White-tailed rat Temporal range: Early Pliocene - Recent
- Conservation status: Endangered (IUCN 3.1)

Scientific classification
- Kingdom: Animalia
- Phylum: Chordata
- Class: Mammalia
- Infraclass: Placentalia
- Order: Rodentia
- Family: Nesomyidae
- Subfamily: Mystromyinae Vorontsov, 1966
- Genus: Mystromys Wagner, 1841
- Species: M. albicaudatus
- Binomial name: Mystromys albicaudatus (Smith, 1834)
- Synonyms: Mystromys hausleitneri

= White-tailed rat =

- Genus: Mystromys
- Species: albicaudatus
- Authority: (Smith, 1834)
- Conservation status: EN
- Synonyms: Mystromys hausleitneri
- Parent authority: Wagner, 1841

Species of rodent

The white-tailed rat (Mystromys albicaudatus) also known as the white-tailed mouse, is the only member of the subfamily Mystromyinae in the family Nesomyidae.
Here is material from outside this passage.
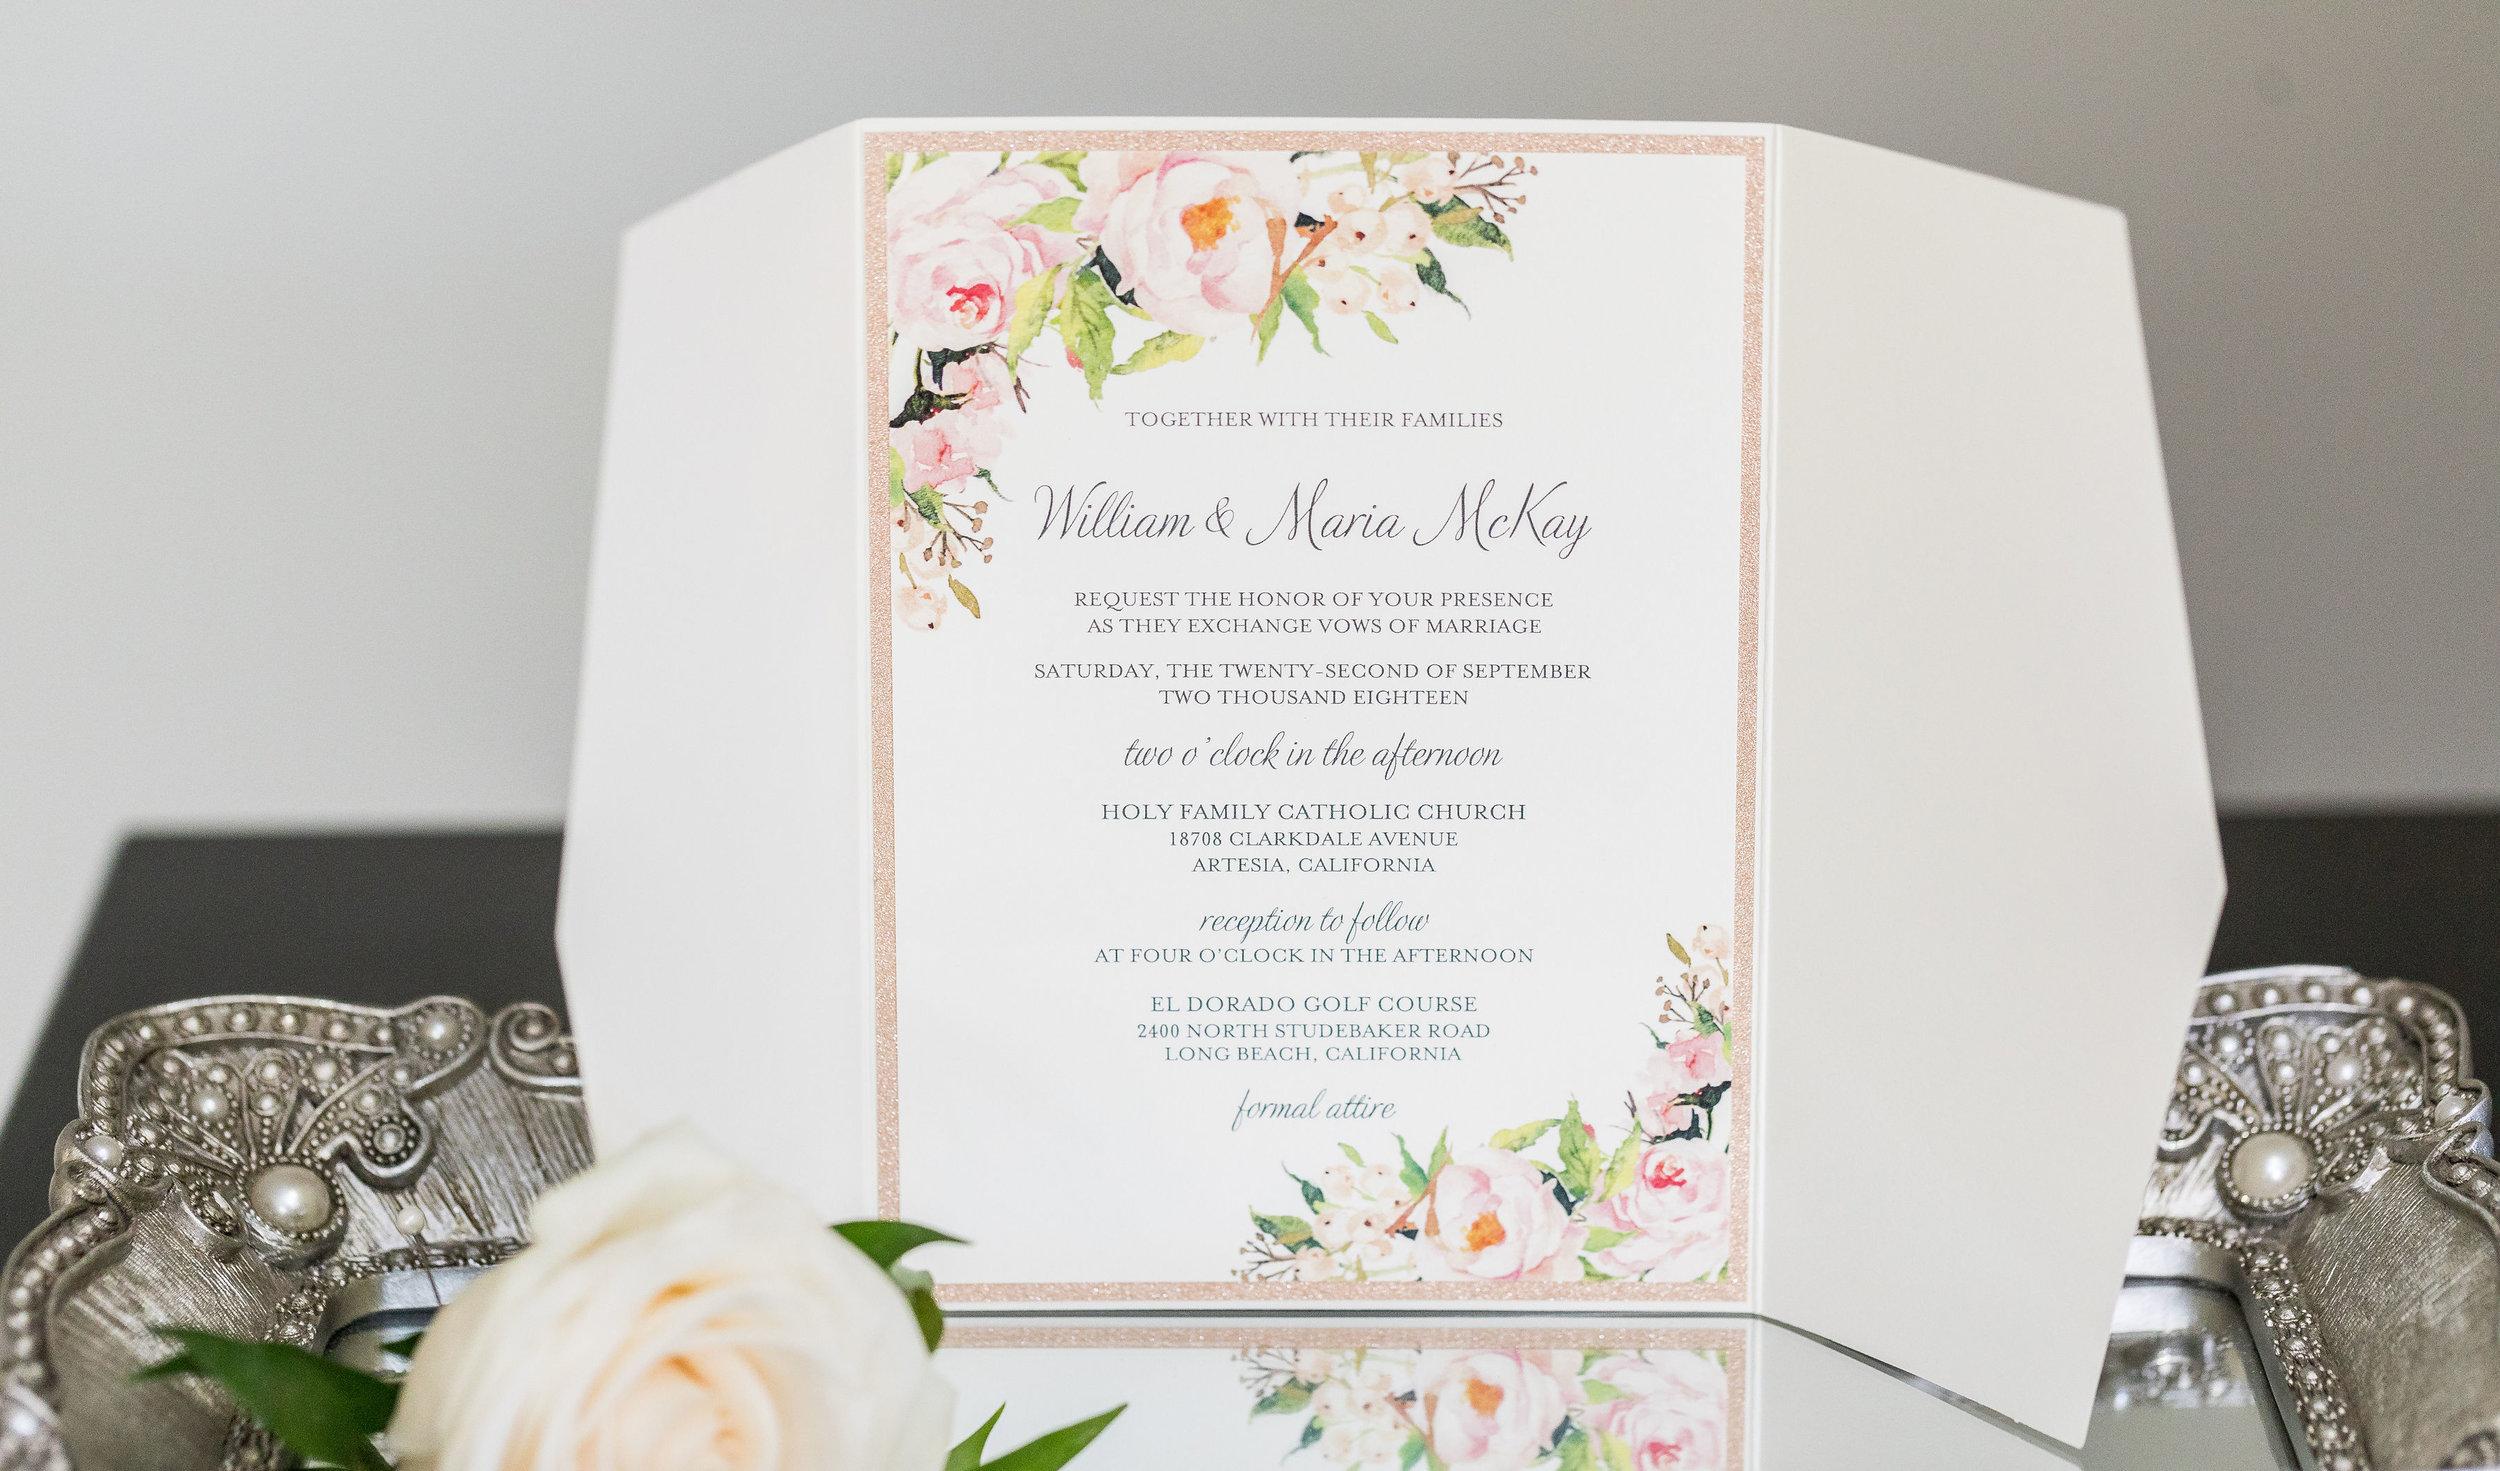 ! Beautiful photo of wedding invitation on tray mirror with boutennier.jpg

This species is sometimes placed in the subfamily Cricetinae due to similarities in appearance between the white-tailed rat and hamsters, but molecular phylogenetic studies have confirmed that the two groups are not closely related. The subfamily Mystromyinae is sometimes placed within the family Muridae along with all other subfamilies of muroids.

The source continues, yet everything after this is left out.